Entra hoje em votação no pleno do Senado Federal o projeto de lei complementar que regulamenta os serviços de transporte particular (PLC 28/2017), como Uber e Cabify. De autoria do deputado federal Carlos Zarattini (PT-SP), a peça prevê uma série de novas adaptações a qual, conforme o olhar crítico dos consumidores e operadores do sistema, tende a transforma-lo no sistema convencional de taxis; populares contrário à PLC acreditam que isso resultará na suspensão da modalidade no Brasil em curto prazo. Dados do Uber indicam que 17 milhões de pessoas utilizam o serviço e mais de 500 mil brasileiros trabalham exclusivamente como motoristas.
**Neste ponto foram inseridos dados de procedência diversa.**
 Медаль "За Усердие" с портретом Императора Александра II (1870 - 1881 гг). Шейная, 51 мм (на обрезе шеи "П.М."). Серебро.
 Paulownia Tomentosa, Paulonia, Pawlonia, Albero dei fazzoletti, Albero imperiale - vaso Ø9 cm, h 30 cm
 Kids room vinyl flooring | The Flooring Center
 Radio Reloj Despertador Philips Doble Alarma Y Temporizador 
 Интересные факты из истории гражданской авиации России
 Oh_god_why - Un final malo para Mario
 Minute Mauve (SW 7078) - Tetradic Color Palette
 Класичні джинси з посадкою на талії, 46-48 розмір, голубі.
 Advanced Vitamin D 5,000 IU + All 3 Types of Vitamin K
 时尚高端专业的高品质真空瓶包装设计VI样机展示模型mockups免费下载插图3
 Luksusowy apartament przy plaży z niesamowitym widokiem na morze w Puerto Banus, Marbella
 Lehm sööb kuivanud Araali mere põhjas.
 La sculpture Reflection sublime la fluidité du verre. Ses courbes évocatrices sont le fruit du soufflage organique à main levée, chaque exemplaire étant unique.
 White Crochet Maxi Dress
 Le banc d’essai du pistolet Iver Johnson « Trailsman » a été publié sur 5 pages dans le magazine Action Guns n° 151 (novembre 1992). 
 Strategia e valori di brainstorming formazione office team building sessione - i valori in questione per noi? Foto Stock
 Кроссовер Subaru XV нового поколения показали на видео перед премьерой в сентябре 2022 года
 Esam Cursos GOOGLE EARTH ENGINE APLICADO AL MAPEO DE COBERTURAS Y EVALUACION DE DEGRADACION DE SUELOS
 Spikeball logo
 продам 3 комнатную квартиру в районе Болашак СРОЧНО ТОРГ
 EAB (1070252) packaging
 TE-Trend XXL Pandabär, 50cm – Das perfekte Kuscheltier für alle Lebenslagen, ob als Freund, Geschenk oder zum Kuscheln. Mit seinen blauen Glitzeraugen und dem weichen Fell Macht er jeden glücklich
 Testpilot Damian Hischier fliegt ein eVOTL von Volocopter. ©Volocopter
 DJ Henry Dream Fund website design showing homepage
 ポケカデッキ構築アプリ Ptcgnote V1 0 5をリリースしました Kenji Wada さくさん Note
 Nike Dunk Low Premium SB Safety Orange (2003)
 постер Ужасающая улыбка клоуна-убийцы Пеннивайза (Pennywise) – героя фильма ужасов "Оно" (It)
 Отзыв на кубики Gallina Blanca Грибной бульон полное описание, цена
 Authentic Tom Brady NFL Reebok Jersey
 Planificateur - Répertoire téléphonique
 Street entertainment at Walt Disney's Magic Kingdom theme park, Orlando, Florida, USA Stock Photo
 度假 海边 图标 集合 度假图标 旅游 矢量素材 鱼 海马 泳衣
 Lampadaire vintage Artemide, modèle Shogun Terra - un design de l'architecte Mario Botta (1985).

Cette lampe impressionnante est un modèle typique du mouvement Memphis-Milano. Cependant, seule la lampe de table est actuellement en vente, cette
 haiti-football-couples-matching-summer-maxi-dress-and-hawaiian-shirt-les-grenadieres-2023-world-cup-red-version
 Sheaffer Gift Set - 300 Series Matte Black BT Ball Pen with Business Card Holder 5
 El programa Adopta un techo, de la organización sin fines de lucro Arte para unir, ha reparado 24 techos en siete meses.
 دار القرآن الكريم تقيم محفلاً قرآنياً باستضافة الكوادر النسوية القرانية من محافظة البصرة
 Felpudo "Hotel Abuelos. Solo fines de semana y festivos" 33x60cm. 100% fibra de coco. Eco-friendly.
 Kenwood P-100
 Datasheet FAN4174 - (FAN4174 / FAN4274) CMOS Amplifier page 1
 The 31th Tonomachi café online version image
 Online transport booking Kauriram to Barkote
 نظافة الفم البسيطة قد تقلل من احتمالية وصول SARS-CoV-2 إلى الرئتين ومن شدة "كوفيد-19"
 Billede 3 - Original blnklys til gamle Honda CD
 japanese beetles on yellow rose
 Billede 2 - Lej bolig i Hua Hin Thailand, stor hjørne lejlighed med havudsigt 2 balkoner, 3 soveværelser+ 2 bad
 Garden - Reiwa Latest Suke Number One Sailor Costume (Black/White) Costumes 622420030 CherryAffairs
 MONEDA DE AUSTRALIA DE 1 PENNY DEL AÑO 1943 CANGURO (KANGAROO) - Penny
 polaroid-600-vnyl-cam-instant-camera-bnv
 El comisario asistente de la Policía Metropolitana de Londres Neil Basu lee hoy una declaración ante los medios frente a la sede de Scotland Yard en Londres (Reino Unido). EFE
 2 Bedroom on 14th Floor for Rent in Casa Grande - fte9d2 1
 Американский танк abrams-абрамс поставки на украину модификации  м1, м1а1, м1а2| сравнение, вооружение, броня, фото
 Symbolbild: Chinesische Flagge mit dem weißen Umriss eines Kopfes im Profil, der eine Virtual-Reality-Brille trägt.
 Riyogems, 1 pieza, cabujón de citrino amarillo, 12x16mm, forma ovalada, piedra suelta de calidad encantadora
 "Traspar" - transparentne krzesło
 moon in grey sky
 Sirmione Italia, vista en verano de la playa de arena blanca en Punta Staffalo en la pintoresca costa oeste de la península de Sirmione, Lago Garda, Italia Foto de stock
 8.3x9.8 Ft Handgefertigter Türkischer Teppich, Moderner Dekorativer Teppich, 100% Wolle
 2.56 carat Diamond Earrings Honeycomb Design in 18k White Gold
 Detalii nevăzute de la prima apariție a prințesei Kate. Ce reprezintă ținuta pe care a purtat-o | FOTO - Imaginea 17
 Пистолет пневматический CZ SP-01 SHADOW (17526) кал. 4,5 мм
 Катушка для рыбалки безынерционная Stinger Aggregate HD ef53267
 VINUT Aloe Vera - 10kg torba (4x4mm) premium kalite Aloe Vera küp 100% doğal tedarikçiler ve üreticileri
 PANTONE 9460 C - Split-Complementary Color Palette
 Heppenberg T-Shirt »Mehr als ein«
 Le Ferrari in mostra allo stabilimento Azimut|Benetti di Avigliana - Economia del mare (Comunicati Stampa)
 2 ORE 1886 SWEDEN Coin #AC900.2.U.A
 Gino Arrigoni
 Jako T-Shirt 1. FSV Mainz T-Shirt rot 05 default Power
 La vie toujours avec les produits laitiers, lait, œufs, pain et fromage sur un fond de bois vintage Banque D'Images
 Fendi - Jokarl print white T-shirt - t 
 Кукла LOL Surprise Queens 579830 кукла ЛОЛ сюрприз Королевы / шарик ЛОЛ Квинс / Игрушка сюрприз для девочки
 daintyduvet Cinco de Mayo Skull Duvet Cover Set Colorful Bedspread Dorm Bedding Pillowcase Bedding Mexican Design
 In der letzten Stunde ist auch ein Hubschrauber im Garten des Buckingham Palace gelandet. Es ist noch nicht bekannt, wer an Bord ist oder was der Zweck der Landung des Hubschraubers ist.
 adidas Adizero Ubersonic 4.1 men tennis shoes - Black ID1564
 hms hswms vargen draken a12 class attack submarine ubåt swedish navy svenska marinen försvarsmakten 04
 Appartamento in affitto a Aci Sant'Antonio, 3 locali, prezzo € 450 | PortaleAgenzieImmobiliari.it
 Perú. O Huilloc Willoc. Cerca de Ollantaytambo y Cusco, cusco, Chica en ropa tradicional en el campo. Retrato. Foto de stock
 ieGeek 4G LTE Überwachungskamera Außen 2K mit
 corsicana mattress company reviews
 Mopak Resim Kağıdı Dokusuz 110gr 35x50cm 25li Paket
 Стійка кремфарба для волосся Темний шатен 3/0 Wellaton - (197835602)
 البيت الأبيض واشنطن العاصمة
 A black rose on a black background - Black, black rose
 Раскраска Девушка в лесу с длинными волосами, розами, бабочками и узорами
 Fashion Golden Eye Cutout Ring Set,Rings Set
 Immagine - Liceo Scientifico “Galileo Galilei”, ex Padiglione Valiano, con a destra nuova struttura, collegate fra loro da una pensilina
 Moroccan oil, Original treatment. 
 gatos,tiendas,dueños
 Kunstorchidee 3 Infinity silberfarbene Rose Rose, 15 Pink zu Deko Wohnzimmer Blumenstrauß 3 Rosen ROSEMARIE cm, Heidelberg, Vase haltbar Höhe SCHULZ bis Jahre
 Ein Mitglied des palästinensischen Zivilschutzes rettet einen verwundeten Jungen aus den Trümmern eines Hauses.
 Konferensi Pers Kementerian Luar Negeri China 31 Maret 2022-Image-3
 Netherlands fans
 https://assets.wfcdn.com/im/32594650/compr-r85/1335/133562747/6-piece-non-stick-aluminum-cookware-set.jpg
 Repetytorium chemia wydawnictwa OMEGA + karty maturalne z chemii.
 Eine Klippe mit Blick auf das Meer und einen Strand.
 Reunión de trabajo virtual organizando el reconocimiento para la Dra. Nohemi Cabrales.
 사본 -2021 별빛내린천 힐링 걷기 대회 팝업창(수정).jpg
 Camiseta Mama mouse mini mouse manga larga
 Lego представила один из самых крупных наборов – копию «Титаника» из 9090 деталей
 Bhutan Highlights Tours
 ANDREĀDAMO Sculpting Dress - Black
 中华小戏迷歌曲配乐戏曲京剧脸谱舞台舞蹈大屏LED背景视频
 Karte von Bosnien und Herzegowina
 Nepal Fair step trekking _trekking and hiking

Somente em Aracaju a estimativa do grupo é que pouco mais de três mil pessoas atuem como condutores cadastrados pelo Uber. Na tentativa de conquistar o voto dos senadores sergipanos - para que votem contrário à proposta, usuários e motoristas realizaram na manhã de ontem uma manifestação unificada na capital sergipana. A mobilização segue a uma orientação nacional para que seja implantado uma pressão popular qualitativa junto aos respectivos representantes no Congresso Nacional, em Brasília. Utilizando a hashtag #juntospelamobilidade e #leidoretrocesso, os manifestantes desejam sensibilizar os senadores, e, assim, conquistar o arquivamento do texto.

Entre as mudanças, o Projeto de Lei passará a exigir uma idade mínima para condutores e ‘ficha limpa’ dos motoristas, tornará a regulamentação dos serviços obrigatórios em municípios que ainda não a fizeram, autorizando a proibição do uso dos aplicativos; será exigido que o motorista seja proprietário do veículo e não tenha a possibilidade de dirigir em cidades vizinhas, como ocorre na Região Metropolitana, por exemplo, entre a capital e municípios da Grande Aracaju. Além disso, os carros deverão ter placas vermelhas com licença específica e passar por vistas periódicas.

"É inadmissível que a voz de milhões de brasileiros não seja ouvida e apenas o de um deputado que não representa o interesse da grande maioria da população seja ouvida. O que incomoda a todos é que sequer realizaram uma pesquisa para saber se somos a favor dessas mudanças. Infelizmente o Brasil pode ser o único país no mundo a dizer 'não' ao Uber. Esperamos que os nossos três senadores votem contrários ao relatório", declarou o motorista Rogério Viana, antes do Uber, desempregado por dois anos. A perspectiva do grupo é que outras manifestações sejam realizadas caso o texto seja aprovado. (MAJ)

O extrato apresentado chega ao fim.